Use the primary example code from Chapter 2 of “Text Mining with R” from Julia Silge & David Robinson and extended the code in two ways:
Work with a different corpus of your choosing
Incorporate at least one additional sentiment lexicon
Example code taken from https://www.tidytextmining.com/sentiment.html “Text Mining with R: A Tidy Approach” by Julia Silge and David Robinson
library(tidyverse)
## -- Attaching packages --------------------------------------- tidyverse 1.3.2 --
## v ggplot2 3.4.0 v purrr 0.3.4
## v tibble 3.1.6 v dplyr 1.0.10
## v tidyr 1.2.1 v stringr 1.4.0
## v readr 2.1.2 v forcats 0.5.1
## -- Conflicts ------------------------------------------ tidyverse_conflicts() --
## x dplyr::filter() masks stats::filter()

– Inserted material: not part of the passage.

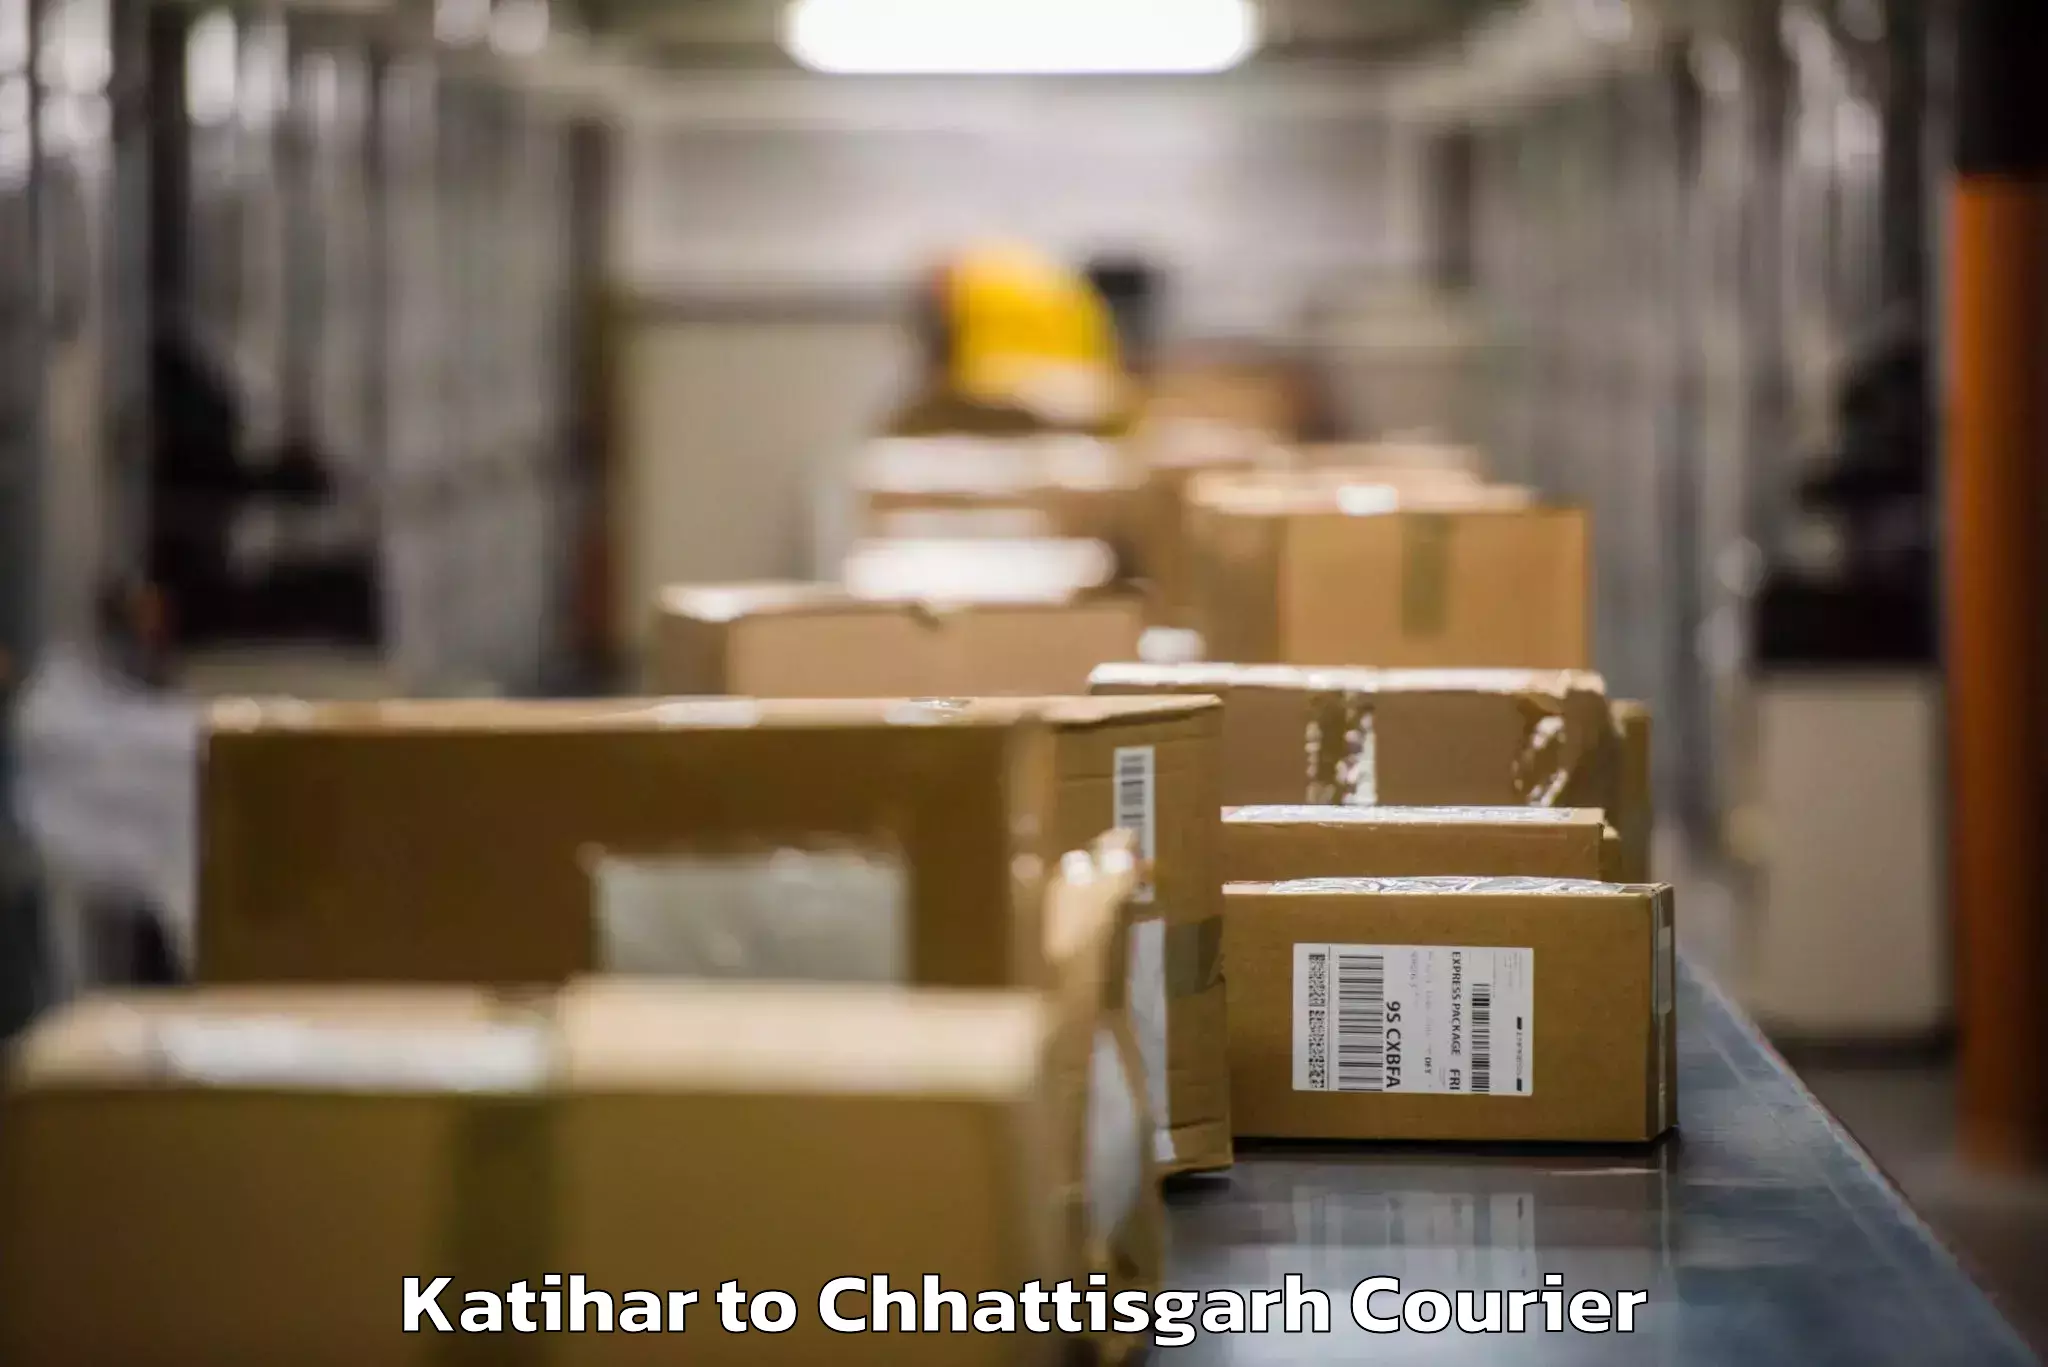 Baggage transport management Katihar to Sakti

## x dplyr::lag() masks stats::lag()
library(tidytext)
library(janeaustenr)
library(dplyr)
library(stringr)
library(tidyr)
library(ggplot2)
library(hcandersenr)
library(SentimentAnalysis)
##
## Attaching package: 'SentimentAnalysis'
##
## The following object is masked from 'package:base':
##
## write
library(textdata)
tidy_books <- austen_books() %>%
group_by(book) %>%
mutate(linenumber = row_number(),
chapter = cumsum(str_detect(text, regex("^chapter[\\divxlc]",ignore_case = TRUE)))) %>%
ungroup() %>%
unnest_tokens(word, text)
nrc_joy <- get_sentiments("nrc") %>%
filter(sentiment == "joy")
tidy_books %>%
filter(book == "Emma") %>%
inner_join(nrc_joy) %>%
count(word, sort = TRUE)
## Joining, by = "word"
## # A tibble: 301 x 2
## word n
## <chr> <int>
## 1 good 359
## 2 friend 166
## 3 hope 143
## 4 happy 125
## 5 love 117
## 6 deal 92
## 7 found 92
## 8 present 89
## 9 kind 82
## 10 happiness 76
## # ... with 291 more rows
jane_austen_sentiment <- tidy_books %>%
inner_join(get_sentiments("bing")) %>%
count(book, index = linenumber %/% 80, sentiment) %>%
pivot_wider(names_from = sentiment, values_from = n, values_fill = 0) %>%
mutate(sentiment = positive - negative)
## Joining, by = "word"
get_sentiments("nrc") %>%
filter(sentiment %in% c("positive", "negative")) %>%
count(sentiment)
## # A tibble: 2 x 2
## sentiment n
## <chr> <int>
## 1 negative 3316
## 2 positive 2308
bing_word_counts <- tidy_books %>%
inner_join(get_sentiments("bing")) %>%
count(word, sentiment, sort = TRUE) %>%
ungroup()
## Joining, by = "word"
bing_word_counts
## # A tibble: 2,585 x 3
## word sentiment n
## <chr> <chr> <int>
## 1 miss negative 1855
## 2 well positive 1523
## 3 good positive 1380
## 4 great positive 981
## 5 like positive 725
## 6 better positive 639
## 7 enough positive 613
## 8 happy positive 534
## 9 love positive 495
## 10 pleasure positive 462
## # ... with 2,575 more rows
bing_word_counts %>%
group_by(sentiment) %>%
slice_max(n, n = 10) %>%
ungroup() %>%
mutate(word = reorder(word, n)) %>%
ggplot(aes(n, word, fill = sentiment)) +
geom_col(show.legend = FALSE) +
facet_wrap(~sentiment, scales = "free_y") +
labs(x = "Contribution to sentiment",
y = NULL)
I chose to explore a package that contains all 157 of H.C. Andersen’s fairy tale works. The dataset contains his work in 5 languages: Danish, German, English, Spanish and French. To begin my analysis, I filtered the dataset for the English version of the texts.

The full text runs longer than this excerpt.